For this example, capital letters are used for unknown letters, and lowercase letters are used to denote letters we know or can guess.

By counting up the letters, we see that the most common is I, which we will guess is an e. X is also quite common, and XLI is found many times; we guess that this is the, the most common three-letter group in English.
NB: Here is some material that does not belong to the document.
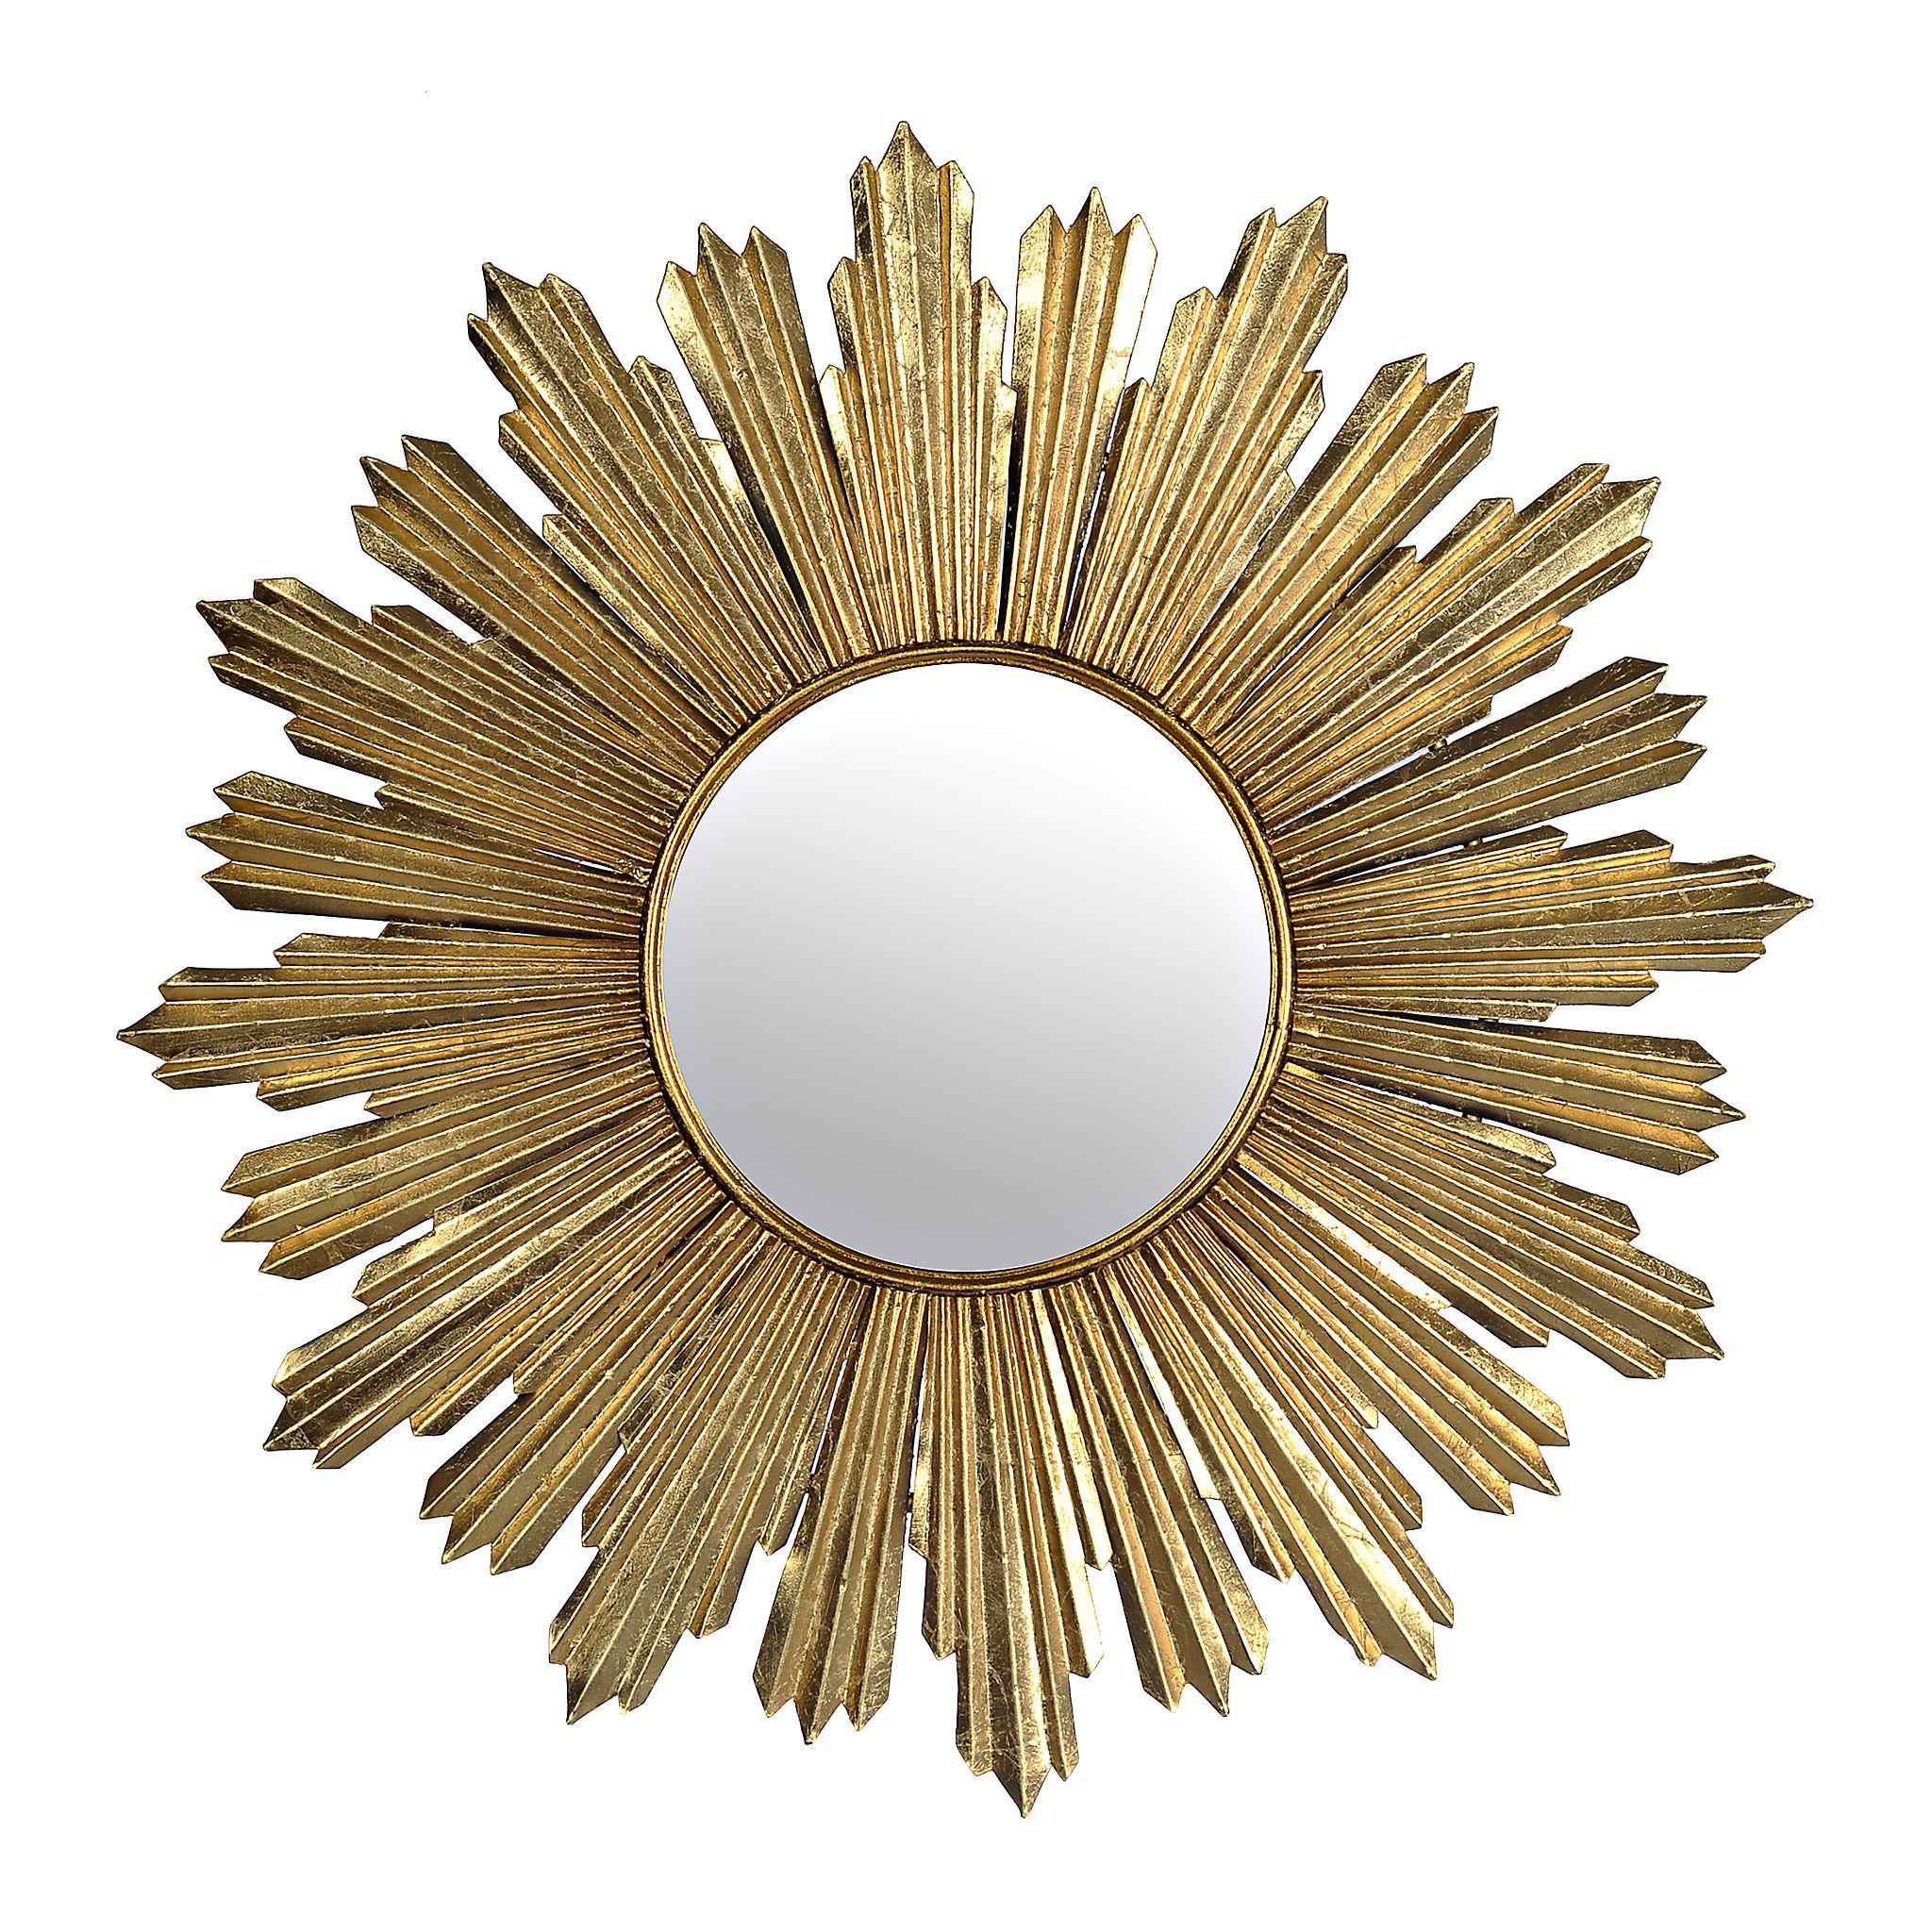 Gold Metallic Starburst Mirror Gold Starburst Mirror Starburst Mirror Mirror

E is the second most common letter. We already have a guess for e and t, so we guess that E is a. We now have:

heVeTCSWPeYVaWHaVSReQMthaYVaOeaWHRtatePFaMVaWHKVSTYhtZetheKeetPeJVSZaYPaRRGaReM
WQhMGhMtQaReWGPSReHMtQaRaKeaTtMJTPRGaVaKaeTRaWHatthattMZeTWAWSQWtSWatTVaPMRtRSJ
GSTVReaYVeatCVMUeMWaRGMeWtMJMGCSMWtSJOMeQtheVeQeVetQSVSTWHKPaGARCStRWeaVSWeeBtV
eZMtFSJtheKaGAaWHaPSWYSWeWeaVtheStheVtheRGaPeRQeVeeBGeeHMWYPFhaVHaWHYPSRRFQMtha
PPtheaCCeaVaWGeSJKTVWMRheHYSPHtheQeMYhtSJtheMWReGtQaROeVFVeZaVAaKPeaWHtaAMWYaPP
thMWYRMWtSGSWRMHeVatMSWMGSTPHhaVHPFKPaZeNTCMteVJSVhMRSCMWMSWVeRCeGtMWYMttheYSPH
KTY

We can now make some more guesses: heVe may be here; Rtate may be state, and atthattMZe could be atthattime. Filling in these guesses, we get:

hereTCSWPeYraWHarSseQithaYraOeaWHstatePFairaWHKrSTYhtmetheKeetPeJrSmaYPassGasei
WQhiGhitQaseWGPSseHitQasaKeaTtiJTPsGaraKaeTsaWHatthattimeTWAWSQWtSWatTraPistsSJ
GSTrseaYreatCriUeiWasGieWtiJiGCSiWtSJOieQthereQeretQSrSTWHKPaGAsCStsWearSWeeBtr
emitFSJtheKaGAaWHaPSWYSWeWeartheStherthesGaPesQereeBGeeHiWYPFharHaWHYPSssFQitha
PPtheaCCearaWGeSJKTrWisheHYSPHtheQeiYhtSJtheiWseGtQasOerFremarAaKPeaWHtaAiWYaPP
thiWYsiWtSGSWsiHeratiSWiGSTPHharHPFKPameNTCiterJSrhisSCiWiSWresCeGtiWYittheYSPH
KTY

This lets us make more guesses, which lead to more, until we have guessed everything:

hereuponlegrandarosewithagraveandstatelyairandbroughtmethebeetlefromaglasscasei
nwhichitwasencloseditwasabeautifulscarabaeusandatthattimeunknowntonaturalistsof
courseagreatprizeinascientificpointofviewthereweretworoundblackspotsnearoneextr
emityofthebackandalongoneneartheotherthescaleswereexceedinglyhardandglossywitha
lltheappearanceofburnishedgoldtheweightoftheinsectwasveryremarkableandtakingall
thingsintoconsiderationicouldhardlyblamejupiterforhisopinionrespectingitthegold
bug

At this point, we can insert spaces and punctuation:

Here upon le grand arose with a grave and stately air and brought me the beetle
from a glass case in which it was enclosed. It was a beautiful scarabaeus and
at that time unknown to naturalists of course; a great prize in a scientific
point of view. There were two round black spots near one extremity of the back
and a long one near the other. The scales were exceedingly hard and glossy with
all the appearance of burnished gold. The weight of the insect was very
remarkable and taking all things into consideration I could hardly blame jupiter
for his opinion respecting it.
(The Gold-Bug)

If we had made a wrong guess, we would have found out at some point, and could go back and make a new guess.